__Aim of the task__. Would you transcribe the records below from the line with "Fostul deputat român, Cristian" to the line with "リザードンGX SSR 毎日1000円値下げ", ends included, exactly and with nothing more, leaving the pictures out?

*** Opening of Listed records ***

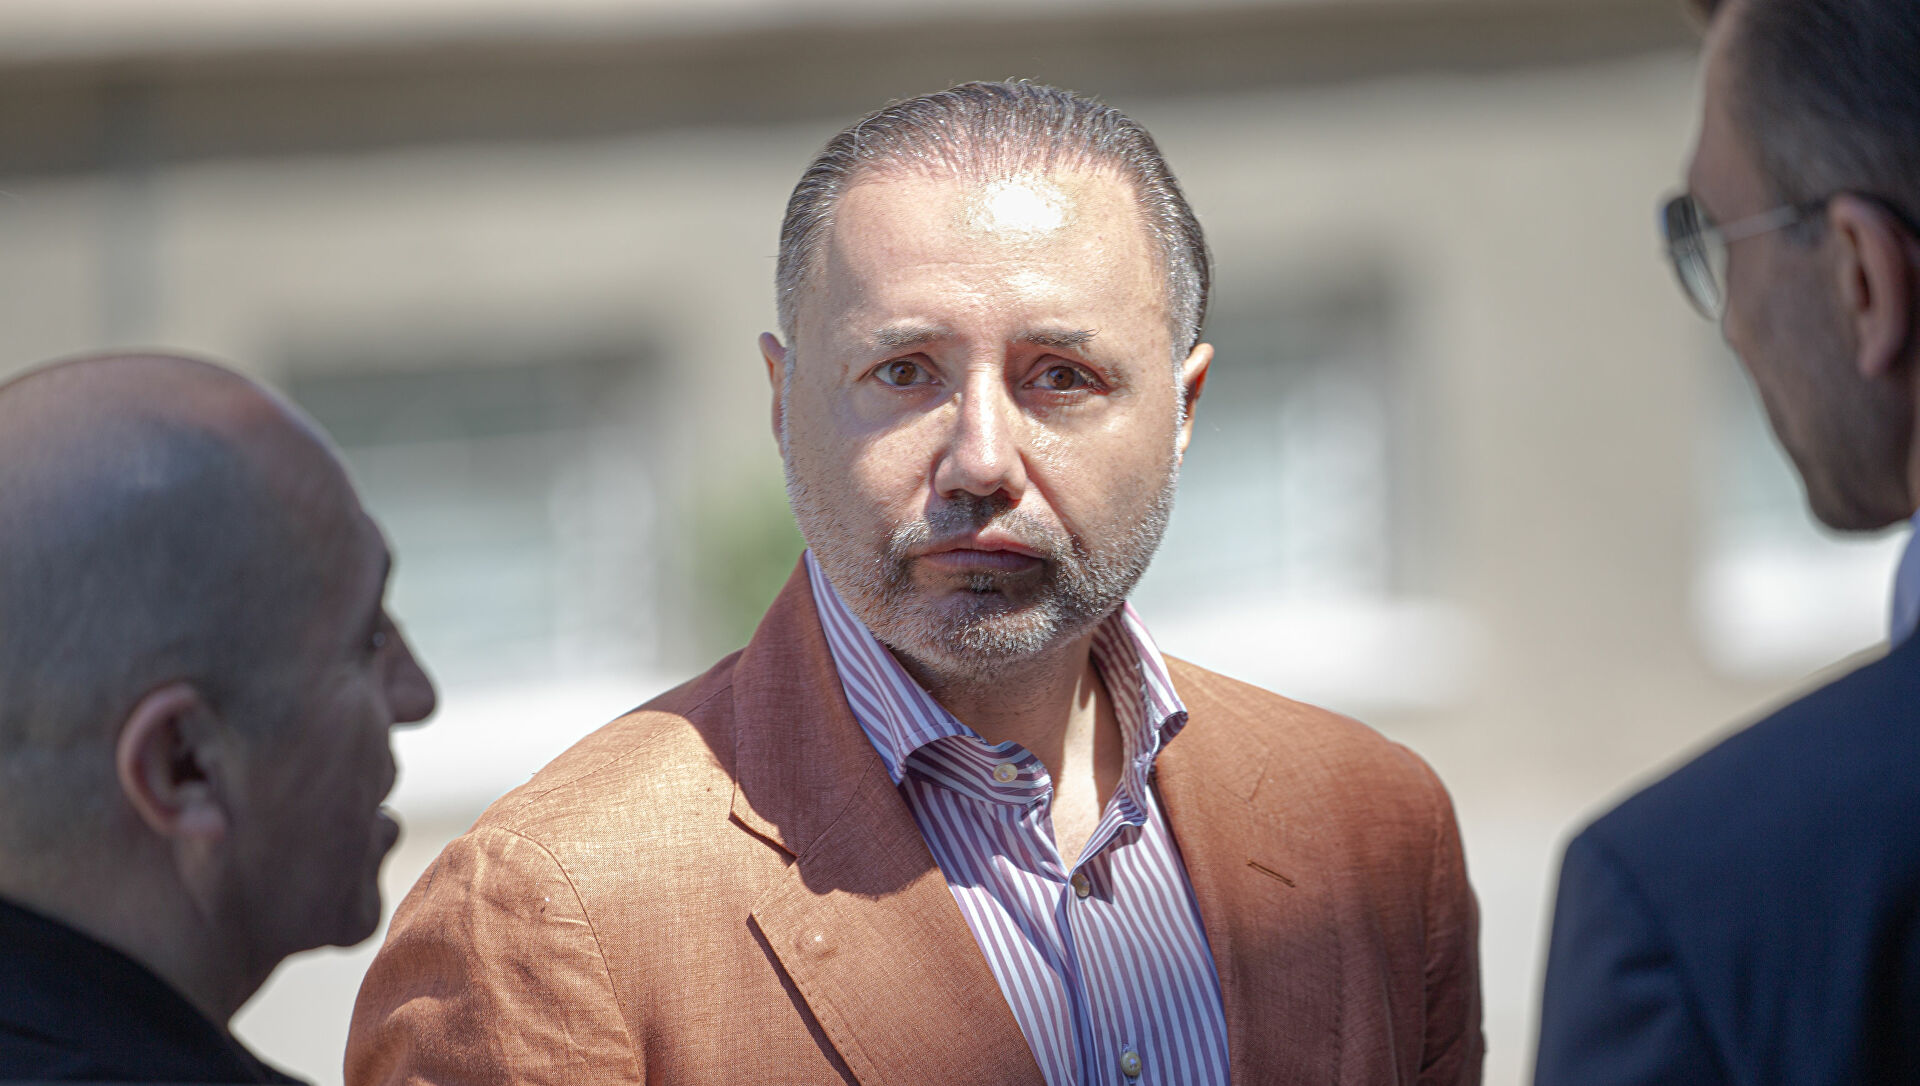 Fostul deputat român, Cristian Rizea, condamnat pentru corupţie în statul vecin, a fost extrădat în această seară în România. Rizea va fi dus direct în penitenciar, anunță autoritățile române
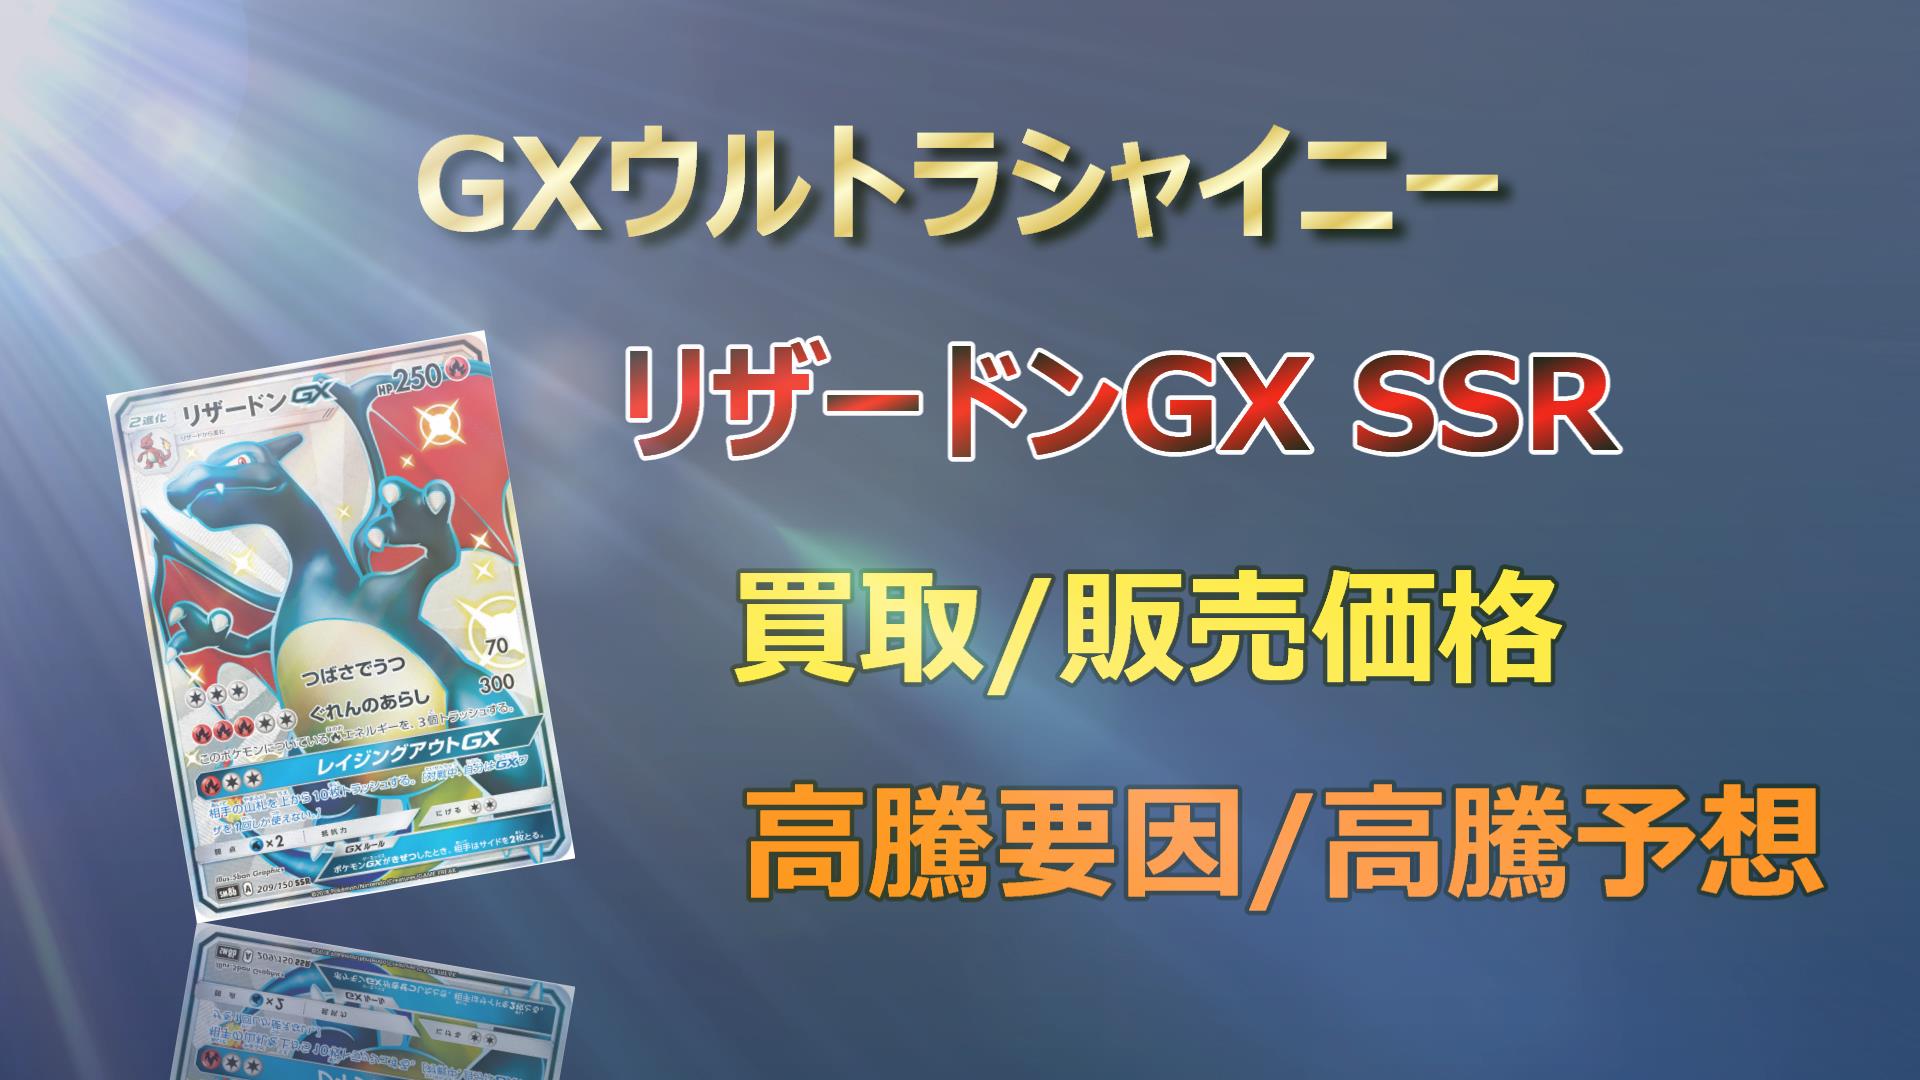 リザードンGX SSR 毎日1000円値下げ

*** Close of Listed records ***
*** Opening of Listed records ***

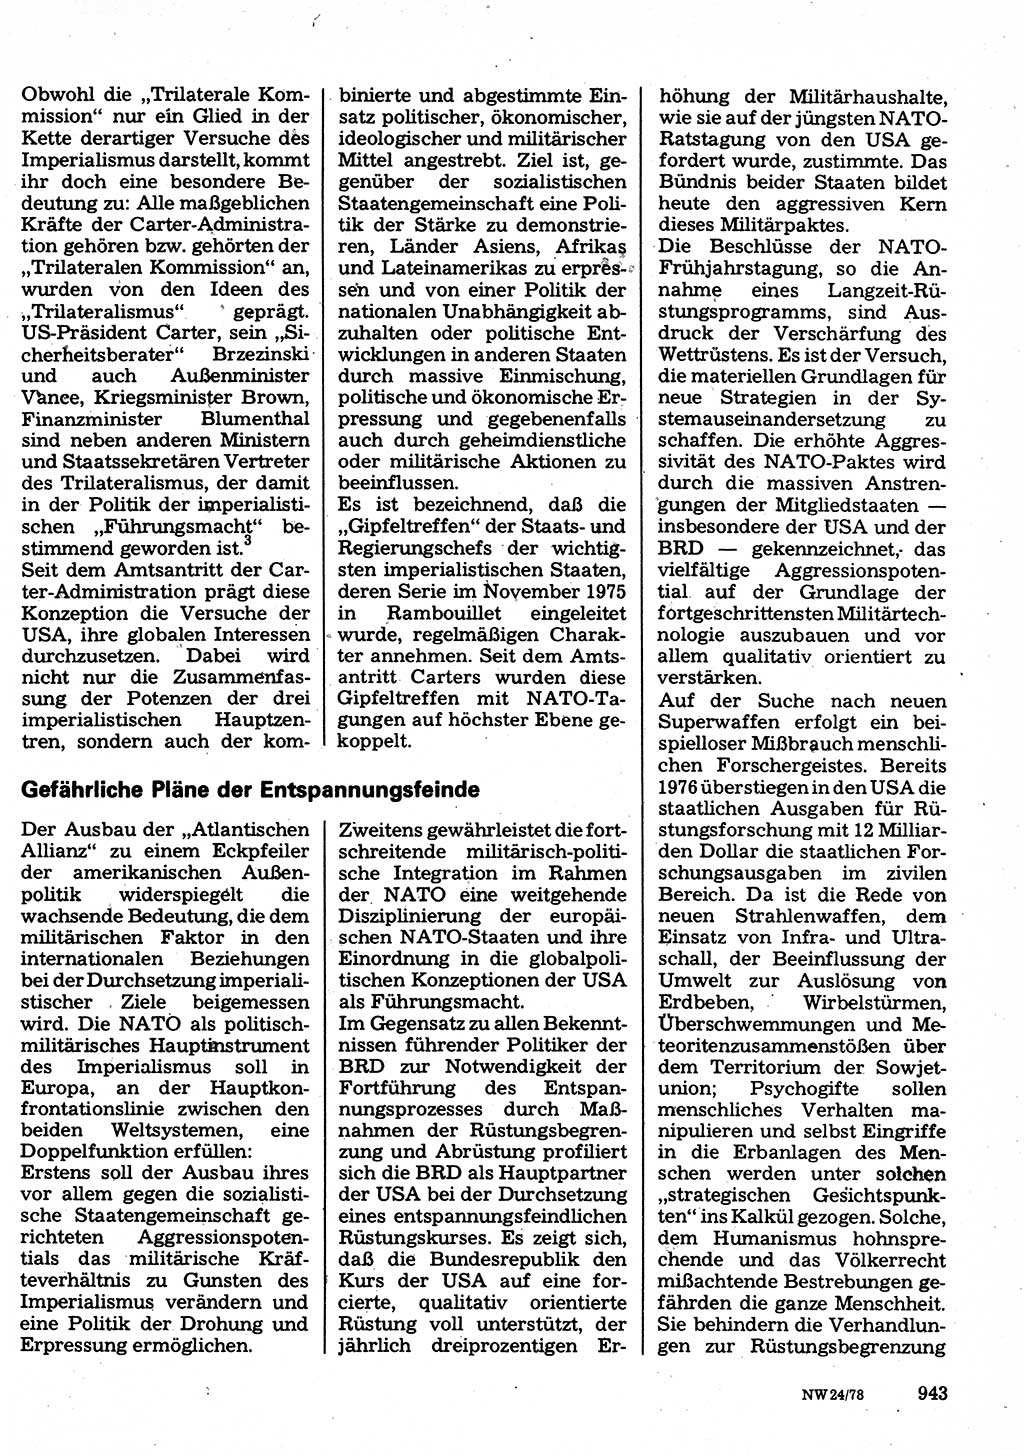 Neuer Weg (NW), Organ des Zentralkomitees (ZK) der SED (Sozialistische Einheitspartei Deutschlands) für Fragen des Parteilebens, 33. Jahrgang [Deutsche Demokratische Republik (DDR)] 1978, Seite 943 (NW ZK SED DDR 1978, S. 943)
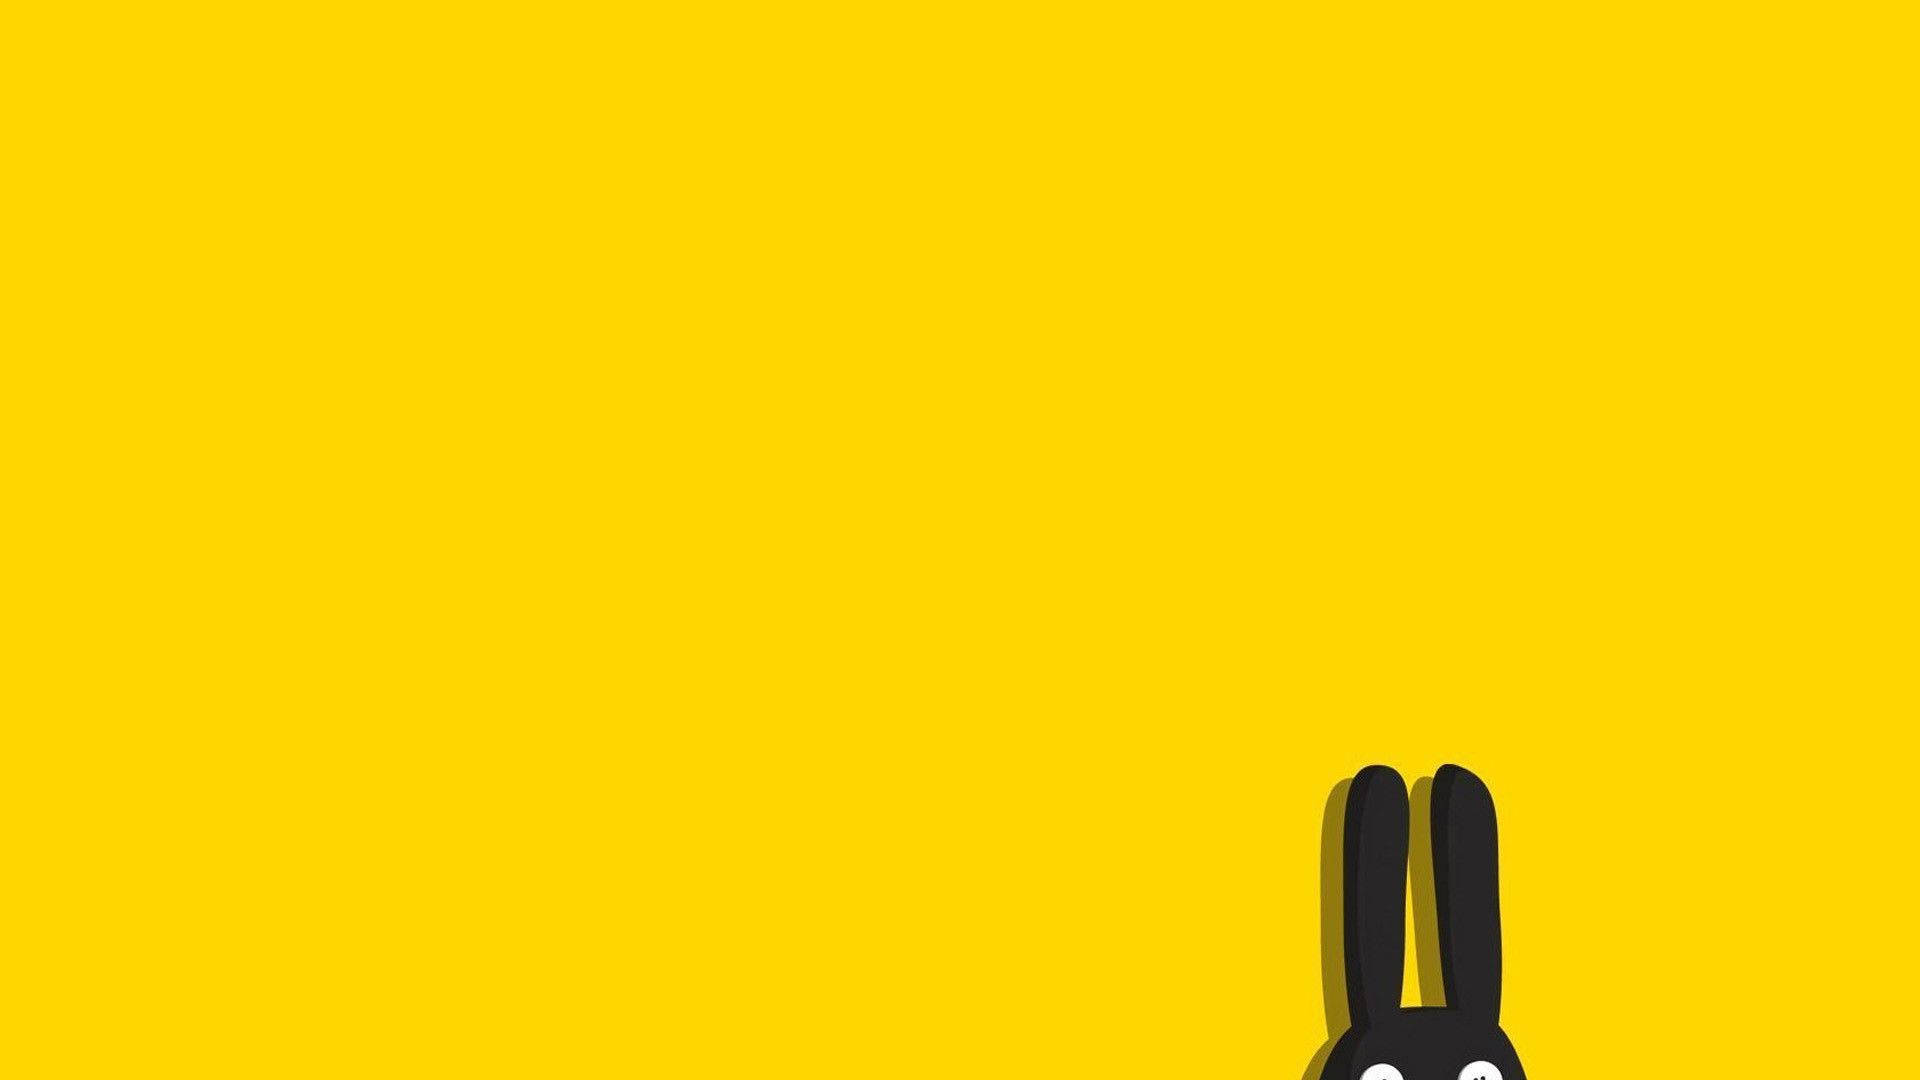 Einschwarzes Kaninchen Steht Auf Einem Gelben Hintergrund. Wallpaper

*** Close of Listed records ***

__Answer below__.
 Fostul deputat român, Cristian Rizea, condamnat pentru corupţie în statul vecin, a fost extrădat în această seară în România. Rizea va fi dus direct în penitenciar, anunță autoritățile române
 リザードンGX SSR 毎日1000円値下げ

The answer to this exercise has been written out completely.